Greenberg served for 10 years as a member of the Texas House of Representatives, completing her final term in January 2001. In 1999, the Speaker of the House appointed her to chair the House Pensions and Investments Committee and to chair the Select Committee on Teacher Health Insurance. She served two terms on the House Appropriations Committee, and served on the Appropriations Committee’s Education, and Major Information Systems Subcommittees. Other committee assignments included the House Economic Development Committee, Elections Committee, and Science and Technology Committee.
As a public finance professional, Greenberg served as the Manager of Capital Finance for the City of Austin from 1985 to 1989, overseeing the City’s debt management, capital budgeting, and capital improvement programs. Prior to that she was a Public Finance Officer at Standard & Poor’s Corporation in New York, where she analyzed and assigned bond ratings to public projects across the country.

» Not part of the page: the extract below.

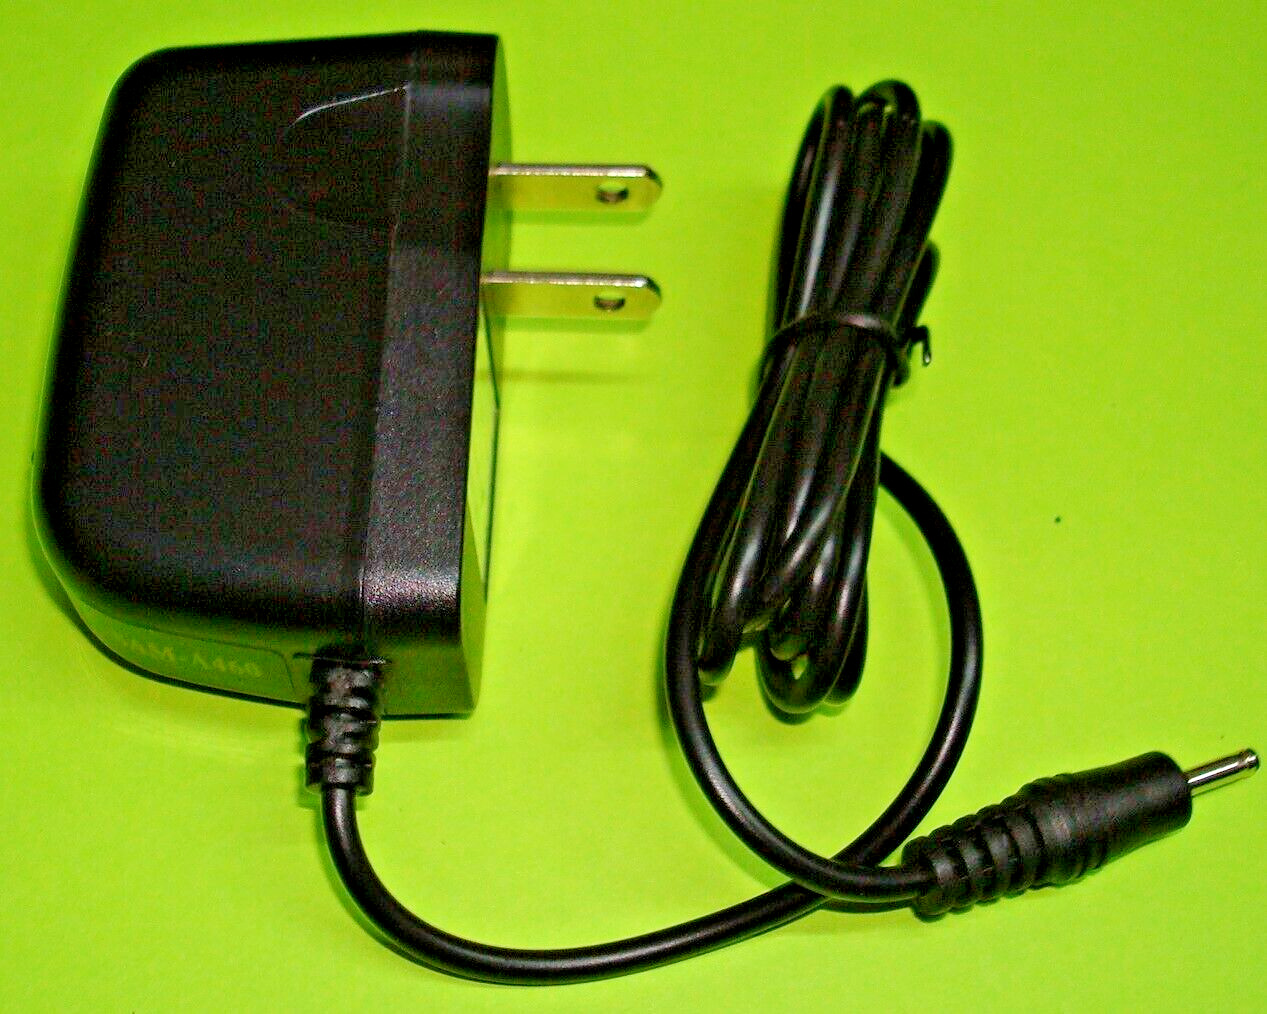 5V 2A 2.5mm AC Wall Charger for IRULU Walknbook W10 Tablet PC

Professor Greenberg received an M.Sc. in Public Administration and Public Policy from the London School of Economics and a B.A. in Government from the University of Texas at Austin. Currently, she serves on the national board for the American Society for Public Administration and is a board member for the Section on Women in Public Administration, as well as a CenTex Chapter board member. Also, Greenberg is a board member of the Jewish Community Relations Council of Austin and an appointed member of the City of Austin General Obligation Housing Bond Review Committee.